Friday, October 11, 1996

(Opening remarks by Dr. H.P. Streeten, President of the American

Autonomic Society.)

We are all interested in finding the cause for the damage to the

autonomic nerves. This is our biggest challenge, we can manage a few

of the more minor autonomic disorders and we like to think we can do

something to help people with Shy-Drager syndrome. But we know we

can't do as much as we would like to do yet. We are all working

very hard in this area and will continue to do so. We just had a very

exciting session this morning and I hope it will be followed by many

more hours in the following days, tomorrow through Sunday morning. We

learn new things about how the autonomic system works. We can't start

to treat or to cure a disorder unless you understand what the disorder

is all about. We have to start in our research at the beginning as it

were, try and find out how the autonomic system works, and what makes

it tick and what makes it stop ticking.
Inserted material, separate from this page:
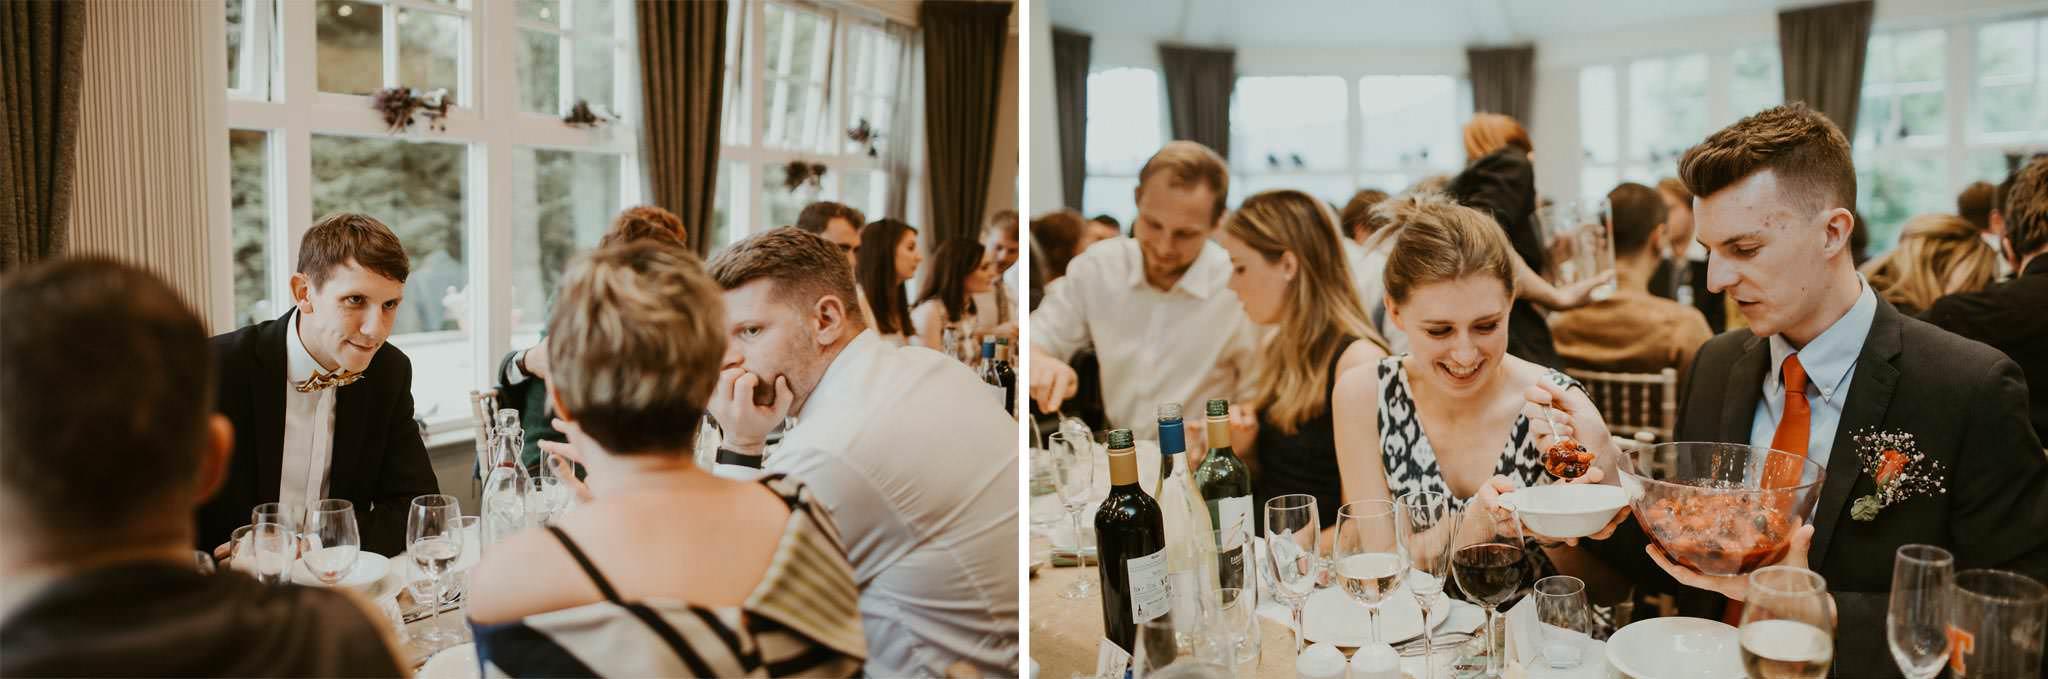 scotland-wedding-photographer-167

With that information perhaps

we can make use of drugs that are available and other techniques. We

have a young man from Holland here today, for example, who added to

some of the intriguing things that have come from Amsterdam. He

showed us that people whose blood pressure tends to fall when they

stand can be greatly assisted by sitting on a low chair (fishing

stool) and if you crossed your legs when sitting on such a stool, your

blood pressure went up so you could tolerate sitting better. This

person from Holland learned a lot of his information from his patient

who came to see him with her own little stool. She insisted on taking

the stool wherever she went. He asked her why she wouldn't sit in his

chairs and she said that they were too high, they needed to be low

like the fishing stool. So he did some studies on her and she told

him exactly what would make her feel better. He tried her on low

stools and high stools; crossing her legs and all of these things,

many of these were things she suggested, which low and behold, helped

her enormously. So I think this is a great lesson for all us doctors;

we must listen to our patients much more than we do. There is a great

tendency in modern times for us doctors to go to a patient, ask a few

cursory questions and do a few (or many) tests, and then to write a

prescription, pat the patient on the back, say goodbye, know you won't

see them again (or may be you will) without really finding out what it

is that ails the patient. You can learn such a tremendous amount if

you do that and if you show this motivation. So the best way to be

able to help your patient is to try to find out exactly what's wrong

and try to help him. Some patients with Shy-Drager syndrome don't

perspire normally and some are at the other extreme and they can't

stop perspiring, they are wet all the time. When you understand

something about how the autonomic nerve system works you can try to

bridge these difficulties. Now we keep hoping that one of these days

we will find a real cure that will make these damaged nerves grow

again. We keep hoping that we will find a cure; a real cure such as

making the body re-grow parts that are damaged but that is not so

easy. You know the cardiologist can replace your heart if it is

broken but we can't replace the autonomic nerves when they are

destroyed. But short of that, we have to try to bridge the gap

between now and then we all look forward to the " then " and the future.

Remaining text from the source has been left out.